Why can't I get over a guy I thought I wasn't into?

I'm having a strange reaction to a break up which I recently initiated, & wondered if anybody can relate or offer insight.

I was with a guy for about 9 months. I know this is terrible of me, but I felt like I couldn't get my feelings 'off the ground' so to speak. We seemed to get along really well as friends, but the sex was poor, I didn't feel much physical attraction for him. I had been alone for a very long time when I met him and thought I'd 'give it a shot' to see where it went. There was no chemistry.

We recently went away on a holiday and although I felt I did my best to keep the situation calm, there was an incident where he became quite verbally abusive. I ended it because I felt signs that he may be an abuser.

I went no contact although he texted me trying to get me to go to his party, etc.

For some reason I have missed him terribly and felt an overwhelming need to get back with him. I realize that I must have a problem and have booked therapy.
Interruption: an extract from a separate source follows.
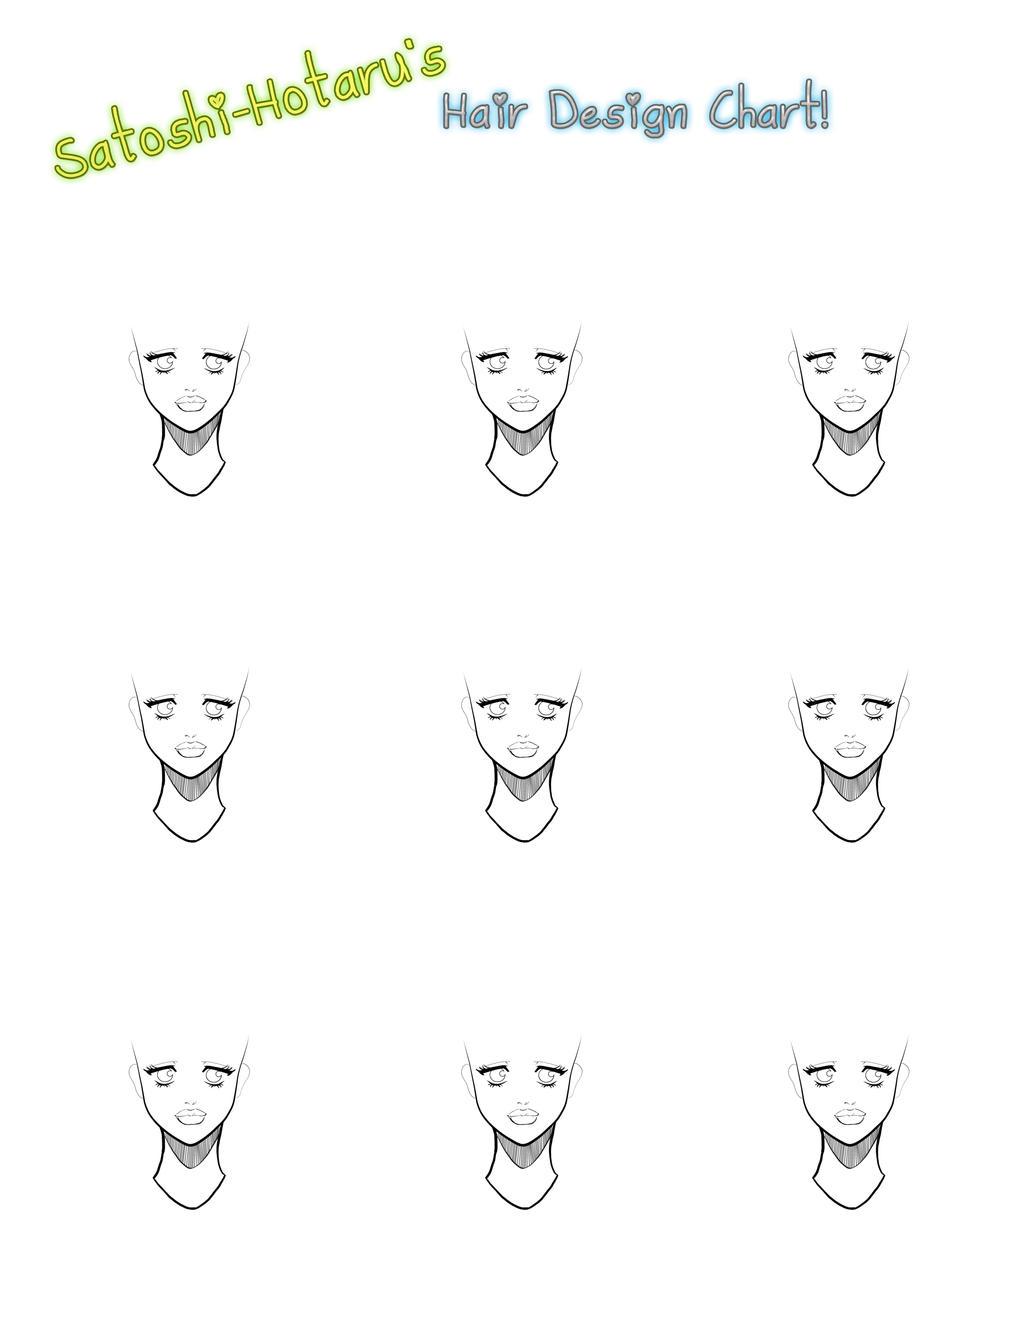 Character Design Chart : Blank hair design sheet by satoshi hotaru on deviantart

After 3 weeks NC we spoke and he said that he got over the break up after a week. He said he felt bad for his part in the argument and offered to help me purchase a computer tomorrow to make up for it. We were supposed to go today, but he dicked me around with texts saying 'in a couple of hours' and did that all day until the shops were shut. When he finally called, I said that the shops were shut and asked what was going on. He replied sternly that he thought I sounded 'weird' and that it was simply to help me buy a computer and nothing more to it than that.

I realize no contact is highly recommended after a break up but I actually wonder whether it will help me to go tomorrow, see him and remember that I don't really want him. Presently, I feel pathetic, because I feel a desperate urge to get back with him, and am very hurt by his apparent dismissal of all feelings for me...although he mentioned when we first spoke again that he felt a 'pull' toward me, yet believes we're incompatible.

Why on earth would a guy want to see such a recent ex when he claims he has no intention of getting back together? He's not acting very friendly about the whole thing.

I am expecting a few of you to call me names, but I don't really blame you. I feel like I'm a fruitcake! :D



Updates:
Thanks everybody for the time you have given to help, much appreciated :)
Was a nice day, he was vry kind. We said nothing about 'things', just went with the flow. When I left, he said he'd felt disgusted with himself for being such a thug & he'd woken up to himself on his lack of self control that day. Seems 2 want 2 try again as said wld call soon. Hope he's realized abuse isn't simply an act of people born with evil qualities ie 'a wife beater', but also from ordinary people losing control in the heat of the moment. Hope everybody realizes that. Interesting thread maybe.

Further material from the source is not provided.